Government requests

Overview of government requests:

  1. Government requestsNames and addresses of sentencing witnesses. RCM 701(b)(1)(B)(i). Due upon request.
  2. Written sentencing materials. RCM 701(b)(1)(B)(ii). Due upon request.
  3. Reciprocal discovery. If the defense requests discovery under RCM 701(a)(2), upon compliance with such request by the government, the defense, on request of the trial counsel, shall permit the trial counsel to inspect:
    1. Papers, documents, photographs, objects within the possession, custody and control of the defense and which the defense
      intends to introduce as evidence
      in the defense case-in-chief. RCM 701(b)(3). Due upon government request and government compliance with defense request.

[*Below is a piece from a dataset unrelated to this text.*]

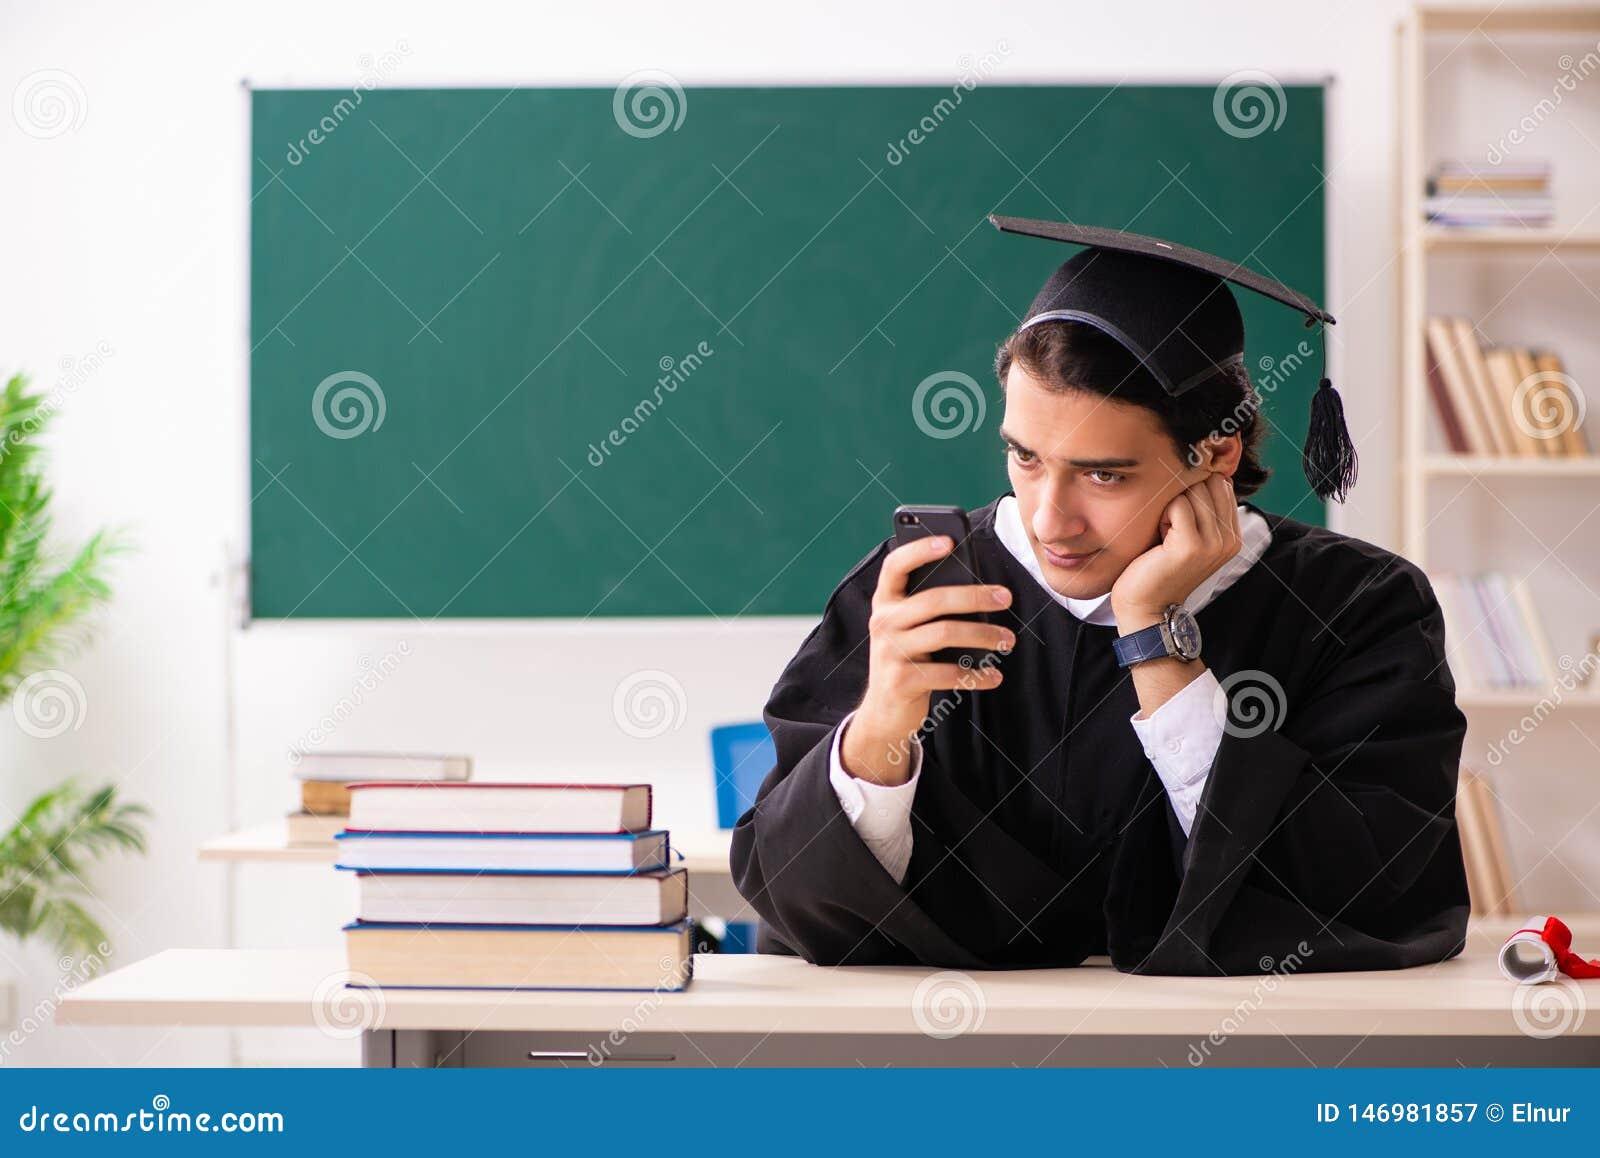 De gediplomeerde student voor groene raad
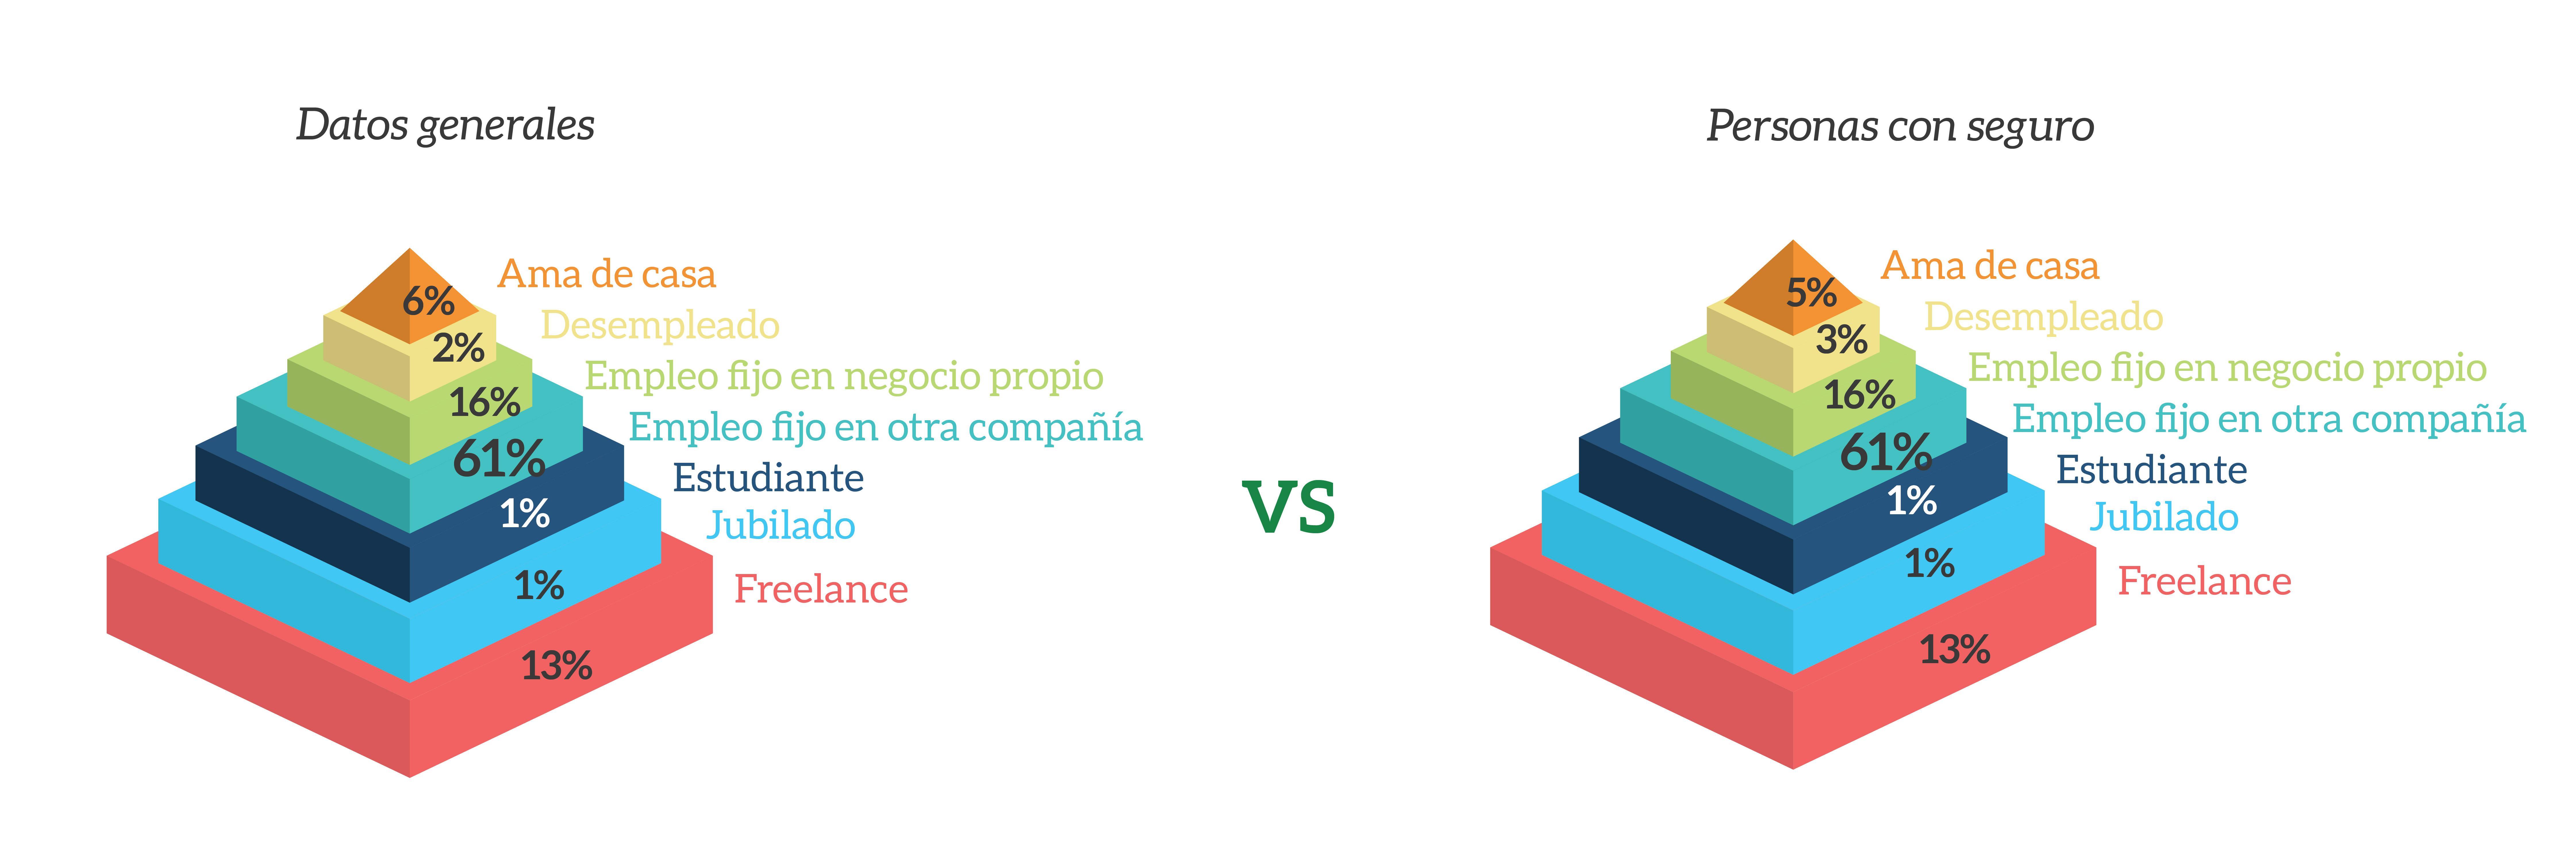 comparacion-ocupacion

    2. Reports of physical or mental examinations and scientific tests or experiments within the possession, custody and control of the defense and which the defense
      intends to introduce as evidence
      in the defense case-in-chief or which were prepared by a defense witness who will be called at trial. RCM 701(b)(4). Due upon government request and government compliance with defense request.
  4. Statements by a witness that testifies (after testifying, upon motion). RCM 914.
    1. A witness, not the accused, testifies. Upon a motion by the party who did not call the witness, the judge shall order disclosure of any “statement” by the witness that relates to the subject of his testimony.
    2. RCM 914 is a counterpart to the Jencks Act, 18 U.S.C. § 3500.
    3. For a complete discussion of RCM 914 and the Jencks Act, see paragraph IV.b.5 above.
  5. Writings used to refresh memory (while testifying, or before testifying if the judge determines it is necessary in the interest of justice). MRE 612.
    1. Keep track of what your witness looks at in preparation for testifying.
  6. Inconsistent prior statements (on request). MRE 613(a).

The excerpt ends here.